Recreating an Economist WDI Chart in R
Background
I really liked this blogpost by Peter Ellis that was recently brought to my attention by everyone’s favourite #rstats tweeter, Mara Averick:
???? code-through: “Inter-country inequality and the World Development Indicators” by @ellis2013nz https://t.co/zIjgqjPqKc #rstats #dataviz pic.twitter.com/h1sUfO2PPJ
— Mara Averick (@dataandme) July 22, 2017
In the post, Peter recreates some of the charts from Branko Milanovic’s highly acclaimed book ‘Global Inequality: A New Approach for the Age of Globalization’ using World Development Indicator data from the World Bank. It’s a great code-through, so go check-it before I inevitably wreck-it.
I think recreating some of your favourite charts is a great way practice and develop your data vis skills, from finding the data all the way through to the final visual output. So I thought I’d try to recreate a WDI based chart that featured in The Economist a few weeks ago…
The Economist
If you’re a fan of data visualistion then you’ve most likely appreciated a chart from The Economist in your time.

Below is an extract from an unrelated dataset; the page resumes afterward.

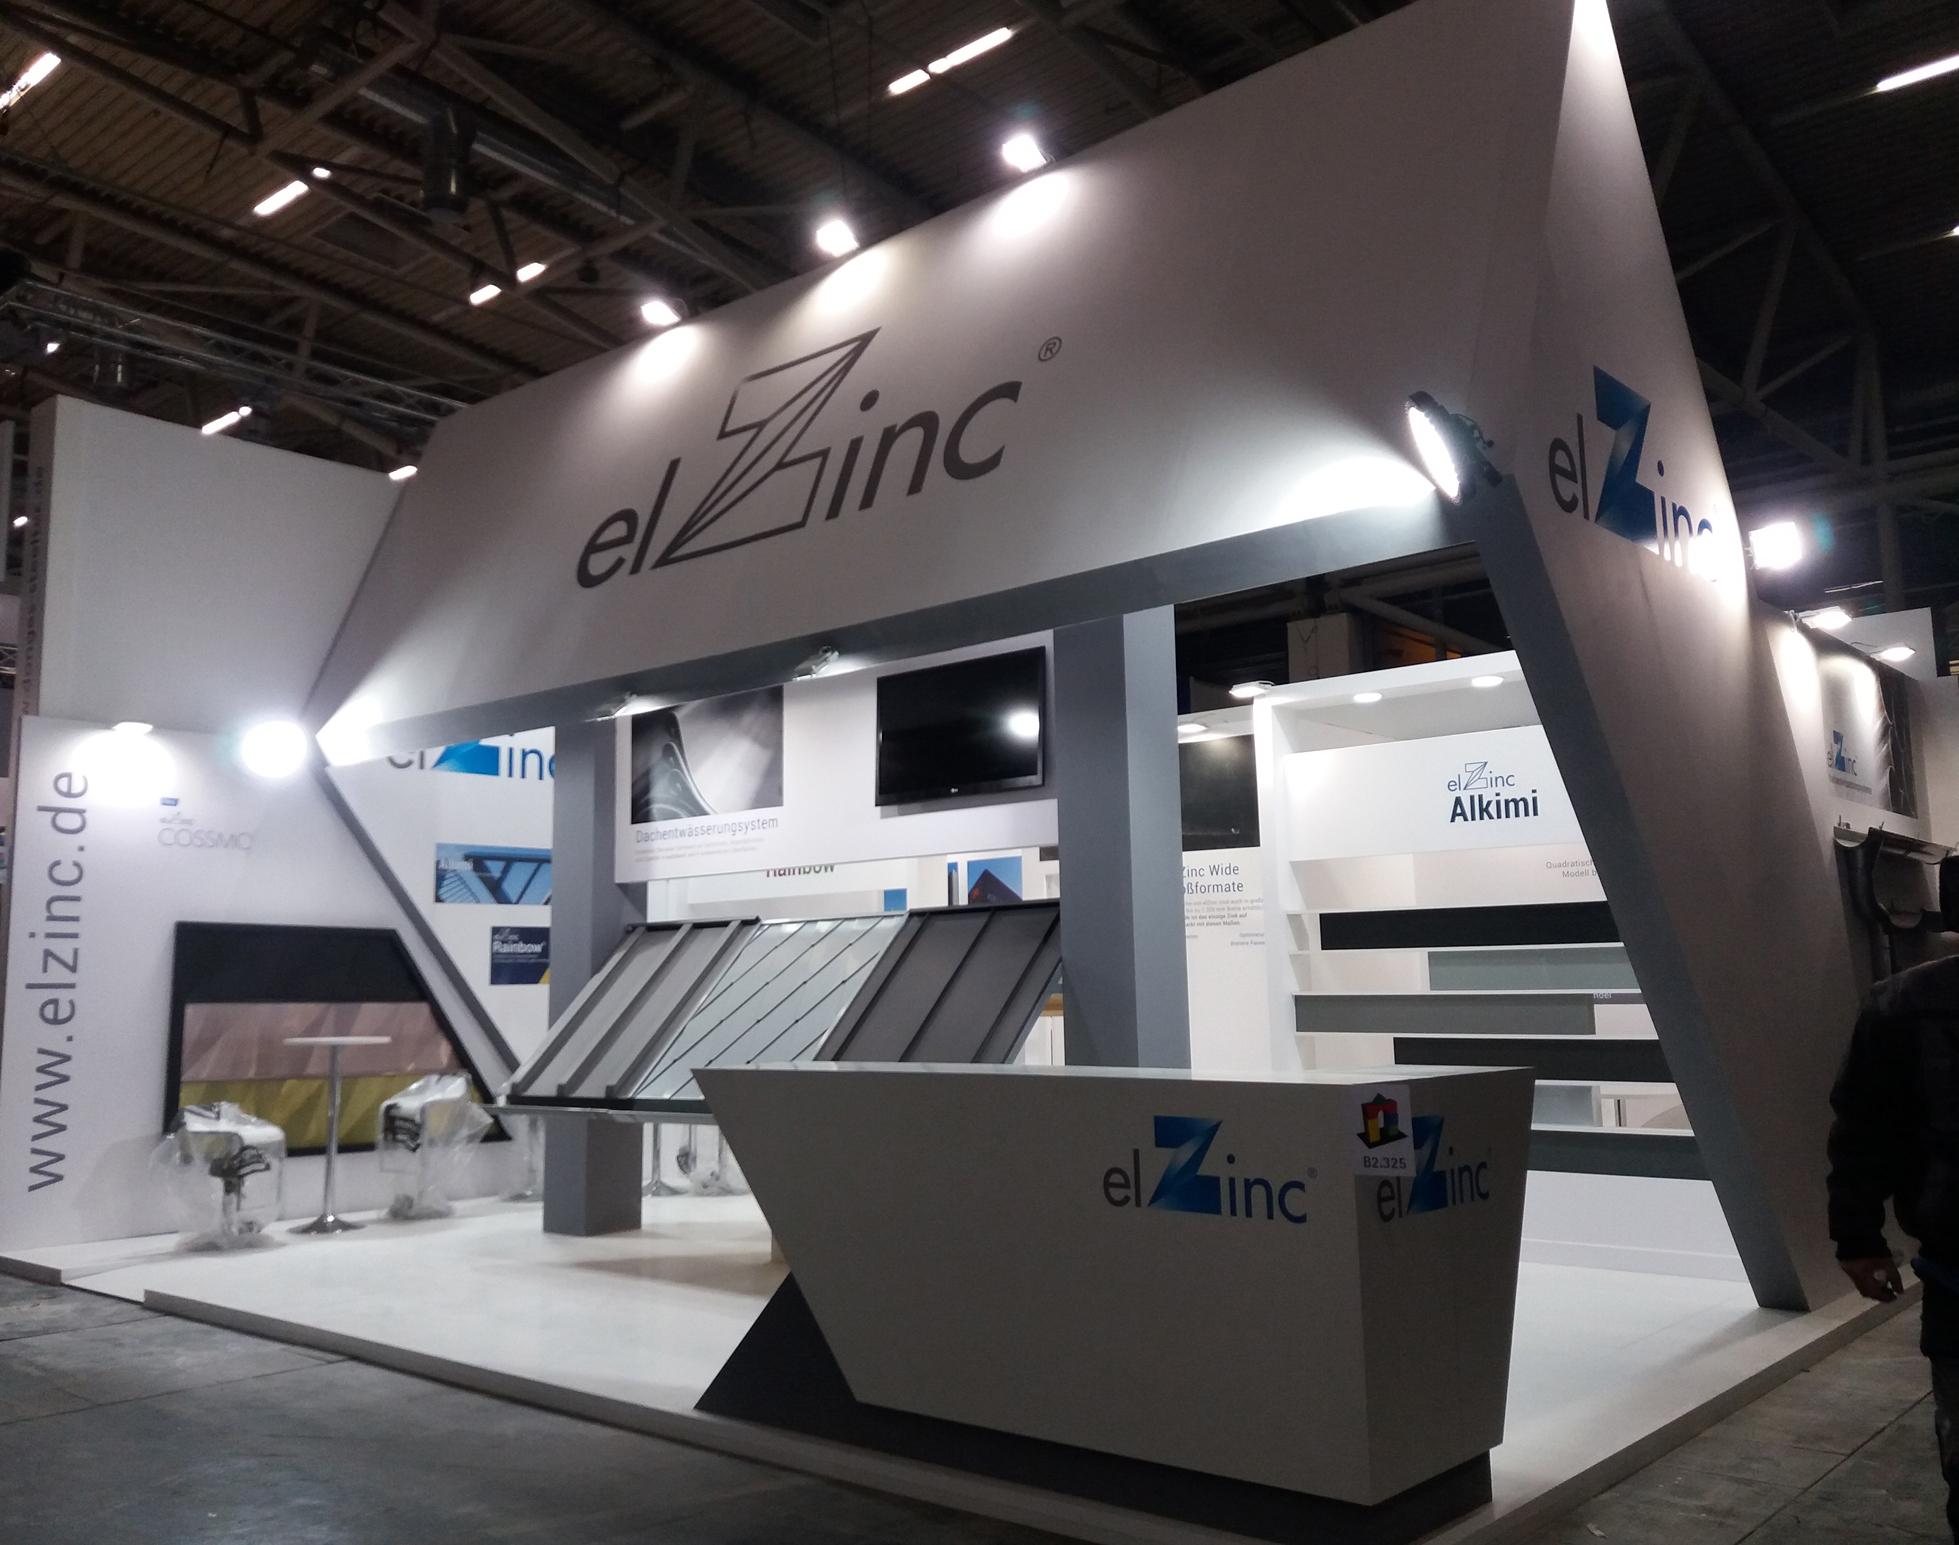 stand-el-zinc-feria-bau-munich-2019-01

It’s a brilliant publication that consitently churns out the sort of fact-based journalism we need more of in this era of alternative facts.
Their charts are always enlightening as well as aesthetically on-the-money (and often with hilariously witty titles), so do go and check out their Graphic Detail blog for a daily dose of graphic magic. A recent highlight is this chart of cherry-blossom peak-blooms in Kyoto, Japan with data going all the way back to the year 800!
Today I’m going to try and replicate a slightly more boring chart that caught my eye in a recent article focusing on Liberia and the somewhat paradoxical effect foreign aid investment can have on a developing country.
The chart (below) shows GDP figures for a selection of countries in the years after a significant economic collapse.
I liked this chart, not for the aesthetics or novelty; it’s a fairly standard line chart, but for the way the data has been manipulated to allow for effective comparison between GDP figures with a very high range and inconsistent periods of time. This acheived this by setting each country’s respective year of collapse as year 0, setting GDP in that year to a base of 100, then showing the changes in GDP from that year relative to the base GDP figure.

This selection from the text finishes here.